Cada tarde, desde el 4 de enero, mi madre saca las destrezas que ganó como maestra de inglés durante casi 15 años y se convierte en la maestra de Ricardo. Con paciencia y dedicación intenta ponerle tareas, retos, en busca de que vuelva a reconocer letras, de que asocie objetos con funciones, como si se tratase de un niño pequeño. 

El proceso no es lineal, es fluctuante y a veces se retrocede, a veces se estanca, hay días que se avanza de golpe, pero no se detiene: el cerebro se regenera pero necesita de estímulos permanentes.
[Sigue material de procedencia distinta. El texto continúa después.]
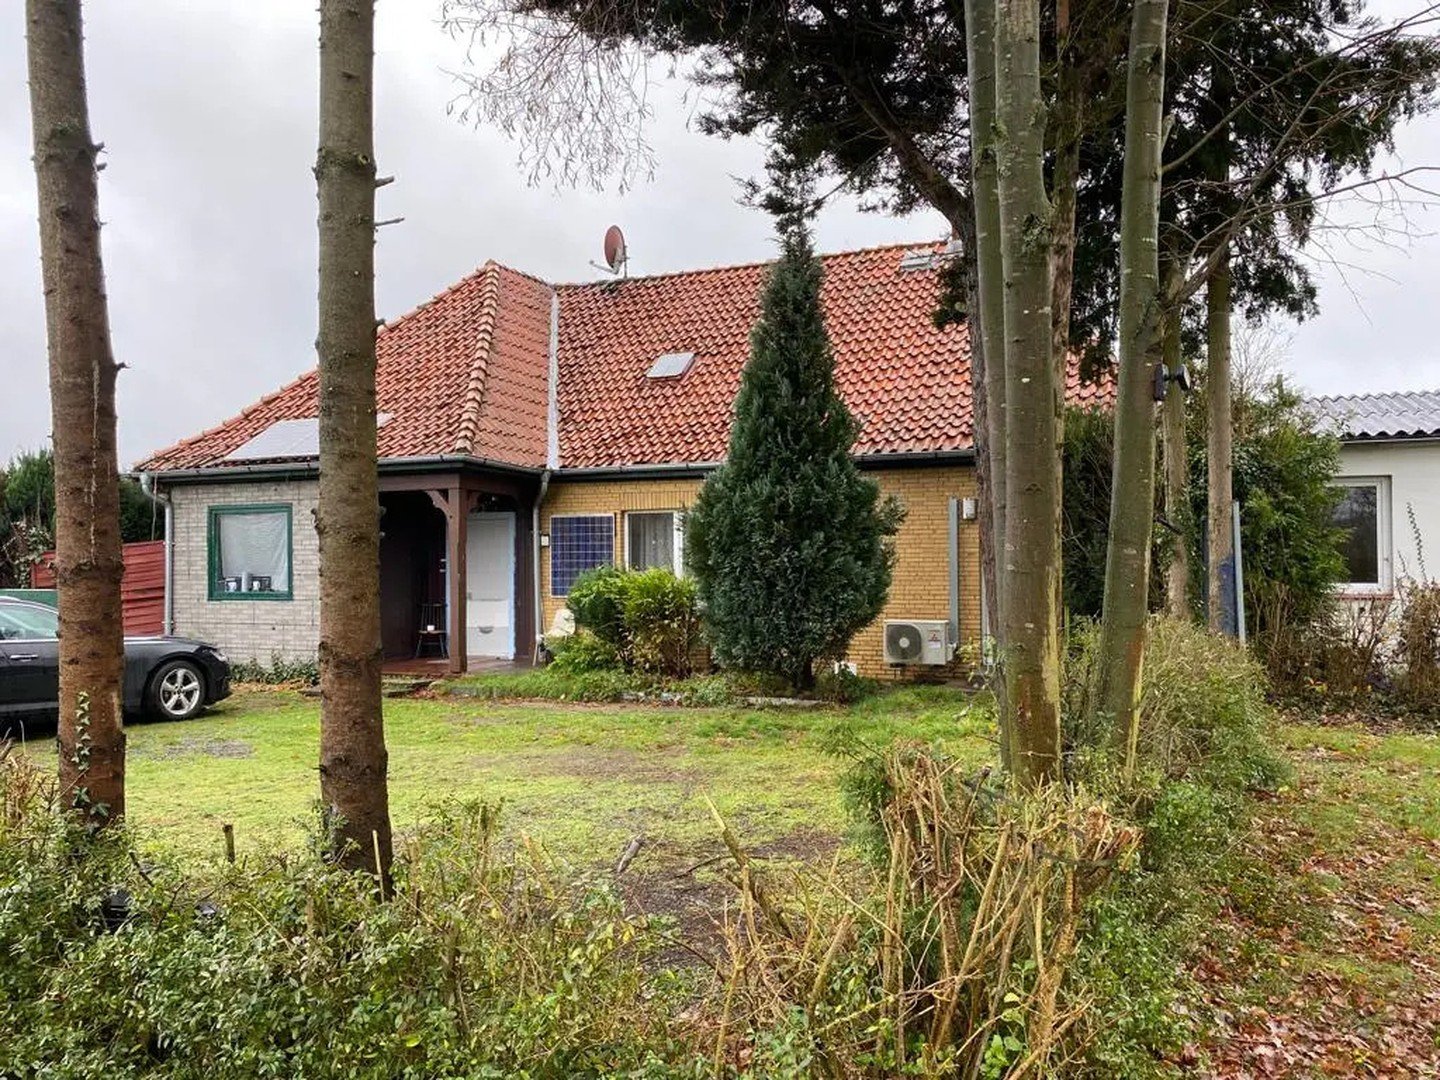 Keine Provision---Einfamilienhaus in Liebenau der Samtgemeinde Weser-Aue

La batalla no solo es contra los efectos del derrame, sino contra todos los obstáculos y carencias del sistema de salud del país para encontrar las herramientas que se necesitan. 

Tres meses después, Ricardo es capaz de colocar Emisoras Unidas cada mañana en su pequeño radio, está enterado de la realidad política del país, discute conmigo sobre lo que sucede en torno a Trump y la migración, indaga, razona. 

Hay días amargos, donde los achaques del Ictus lo tiran anímicamente y le hacen pensar que no volverá a tener una vida plena y es ahí donde le recuerdo que ha llegado mucho más lejos de lo que logran la mayoría de guatemaltecos que sufren algo similar. 

Es 4 de marzo, Ricardo le da cuatro vueltas al campo donde se encontraba caminando cuando el Ictus se manifestó en aquel ya lejano sábado de diciembre, camina lento, con los brazos rígidos, pero no se detiene, no se rinde, siempre ha sido terco y esa cualidad/defecto, hoy le sirve para mantenerse de pie.